The FCC Media Bureau’s Video Division is “running a little behind schedule” in handling broadcast license renewals because of the pandemic, said Senior Attorney-Adviser David Roberts at an FCBA event Monday. “We are living in a COVID world” and working remotely, “so we ask you not to hold it against us,” he said. Those difficulties occasionally lead to a broadcaster's renewal not being completed by the day its license expires, he said. Stations seeking such renewals are themselves being slowed by the difficulties of the pandemic, he said. There’s “nothing magic about that day,” Roberts said. “It just means we’re working through your group.” The Video Division is “flooded” with “several significant work streams,” said Chief Barbara Kreisman, citing the license renewal season, repacking reimbursement, low-power TV stations converting to digital by this summer’s deadline, and a recent host of stations requesting channel changes. Takeovers are also “heating up,” Kreisman said. Disorganized online public files can cause a station renewal application to take longer, Roberts said. He said the agency’s shift to the license management system for the renewal process, from the consolidated database system, was a major change. “Getting used to LMS has been an adjustment,” he said. Video Division staff repeatedly said it's best for stations anticipating problems with their renewal applications -- political file violations, late filings, kidvid issues -- to be as clear as possible in their filings and contact the division to discuss the matter. “Reach out in advance,” Roberts said. “Be thoughtful on disclosures.”

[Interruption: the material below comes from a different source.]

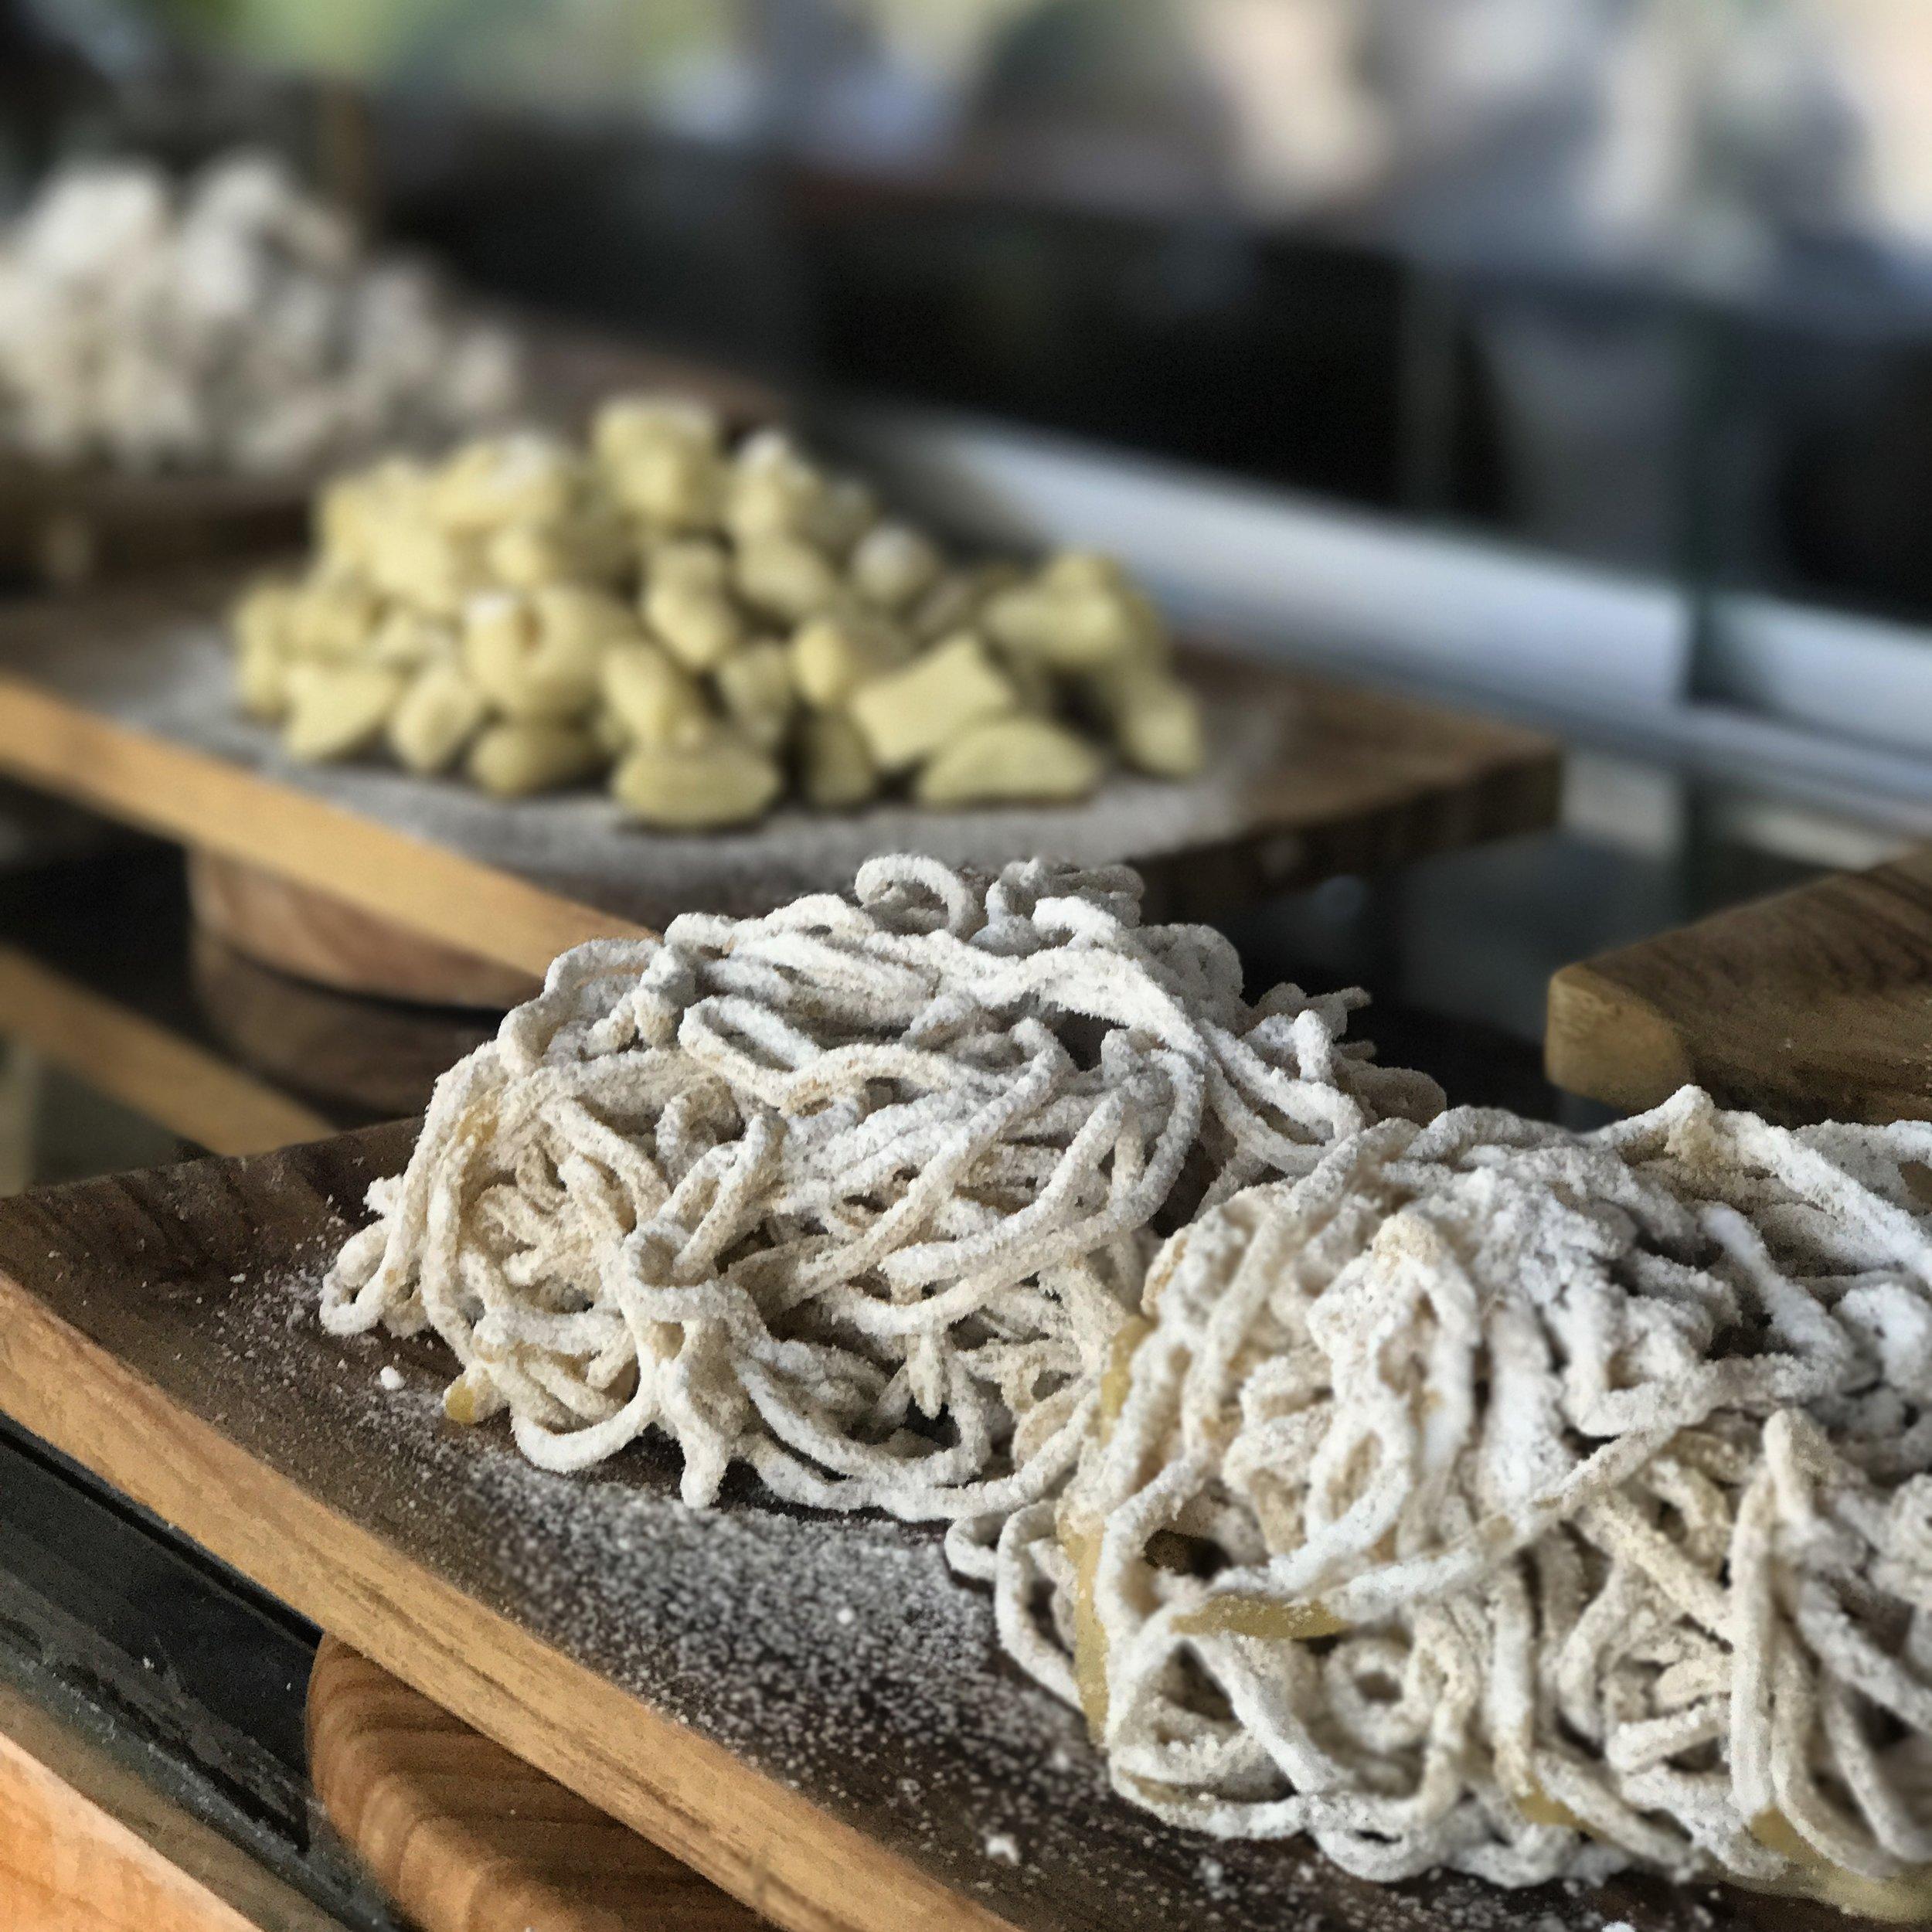 where-to-eat-in-canggu-bottega-italiana-bali-photos-by-caity-in-wanderland-blogger_07.jpg

FM broadcasters offering geotargeted content have every incentive to reduce self-interference and are required by the FCC to do so, said GeoBroadcast Solutions in replies posted Friday in docket 20-401. REC Networks replied earlier (see 2103100057). GBS, the primary proponent of such proposed changes to booster rules, resisted arguments this would lead to radio advertising “redlining.” All other media can geotarget ads, and those were an ATSC 3.0 selling point, GBS said. “Yet there was no mention of redlining in the hundreds and hundreds of pages of comments filed in that proceeding by the broadcast industry and its trade association.” The Multicultural Media, Telecom and Internet Council and the National Association of Black Owned Broadcasters called for a pilot program to test the technology in three markets. They "recommend that the pilot be designed to address all of the questions raised in the comment round of this proceeding, including the impact of the technology on local advertising markets." The FCC simply can't "ignore the concerns of the radio industry,” said the New York State Broadcasters Association, opposing the rule change. “Objectionable interference is certain under the Geo proposal,” said broadcast engineer Alan Kirschner of Nashville. Ad agency Media Negotiator, Urban One DJ and restaurant owner Sam Sylks and Roberts Broadcasting supported the option to geotarget as helpful to radio and local businesses. GBS said it has “no plans” for such targeting of emergency alert system messages, though the company and proponents of the tech have touted targeted alerts (see 2006040024).
An NPRM on emergency alerting and an order on sharing outage report information with state and local agencies are expected to be approved with few changes at the FCC commissioners' meeting Wednesday, likely unanimously, according to industry officials.